I am trying to learn pandas but I have been puzzled with the following. I want to replace NaNs in a DataFrame with the row average. Hence something like df.fillna(df.mean(axis=1))
should work but for some reason it fails for me. Am I missing anything, is there something wrong with what I'm doing?
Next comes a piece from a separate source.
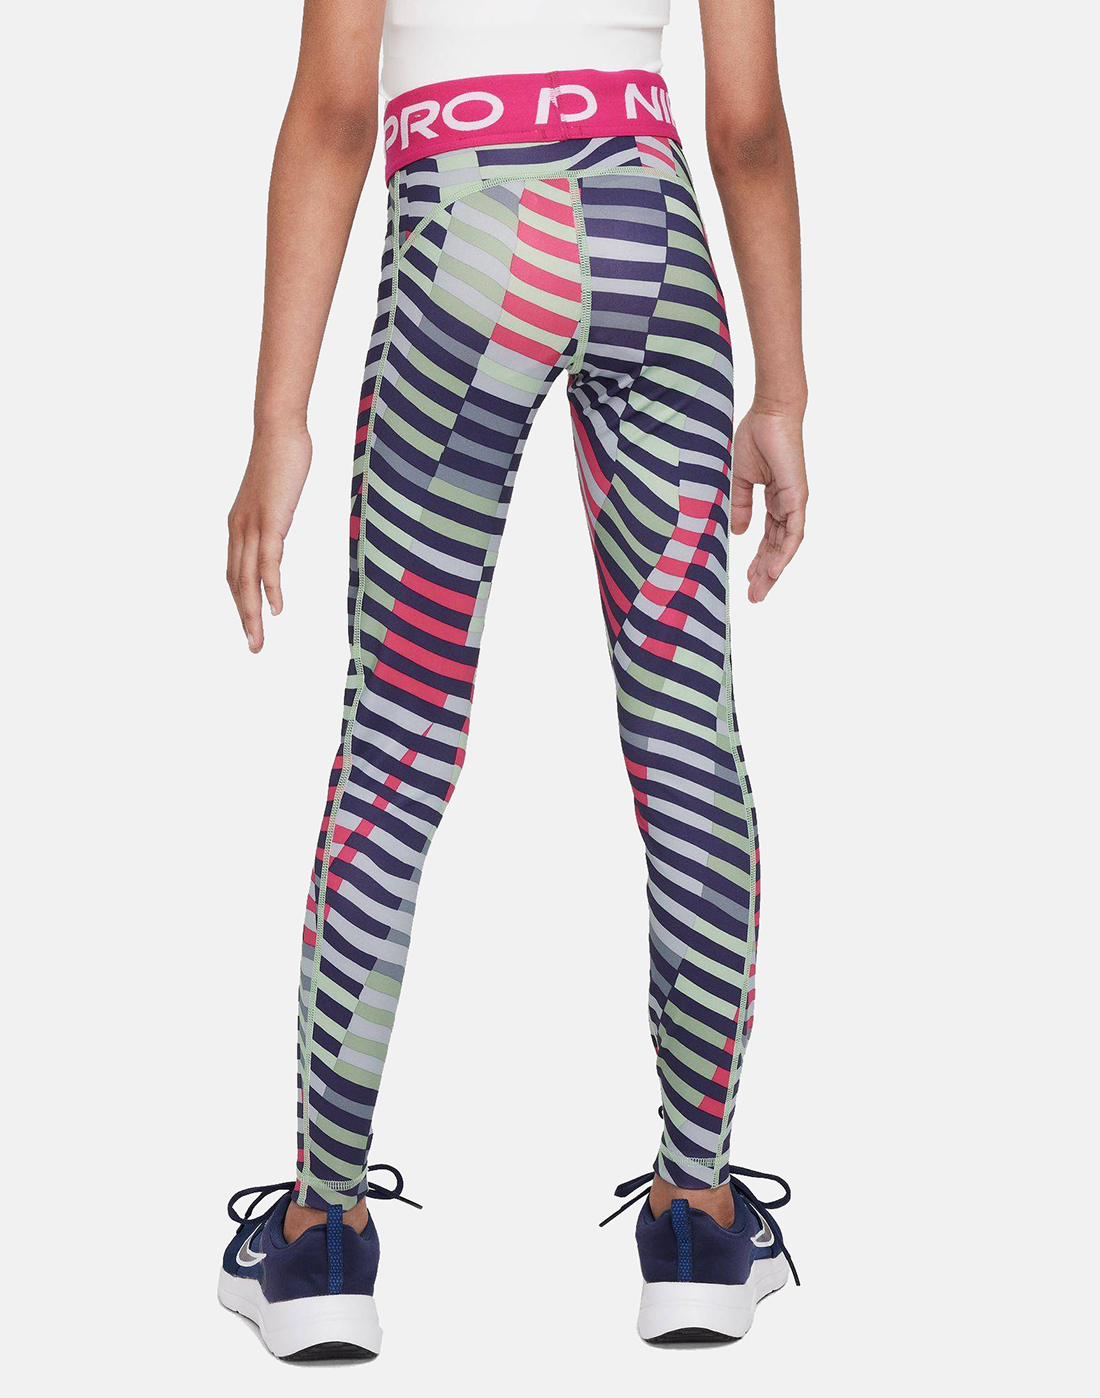 Nike Older Girls Dry-Fit AOP Leggings - Assorted | Life Style Sports IE

Is it because its not implemented? see link here
import pandas as pd
import numpy as np
pd.__version__
Out[44]:
'0.15.2'
In [45]:
df = pd.DataFrame()
df['c1'] = [1, 2, 3]
df['c2'] = [4, 5, 6]
df['c3'] = [7, np.nan, 9]
df
Out[45]:
c1 c2 c3
0 1 4 7
1 2 5 NaN
2 3 6 9
In [46]:
df.fillna(df.mean(axis=1))
Out[46]:
c1 c2 c3
0 1 4 7
1 2 5 NaN
2 3 6 9
However something like this looks to work fine
df.fillna(df.mean(axis=0))
Out[47]:
c1 c2 c3
0 1 4 7
1 2 5 8
2 3 6 9
For mean, use the mean() function. Calculate the mean for the column with NaN and use the fillna() to fill the NaN values with the mean.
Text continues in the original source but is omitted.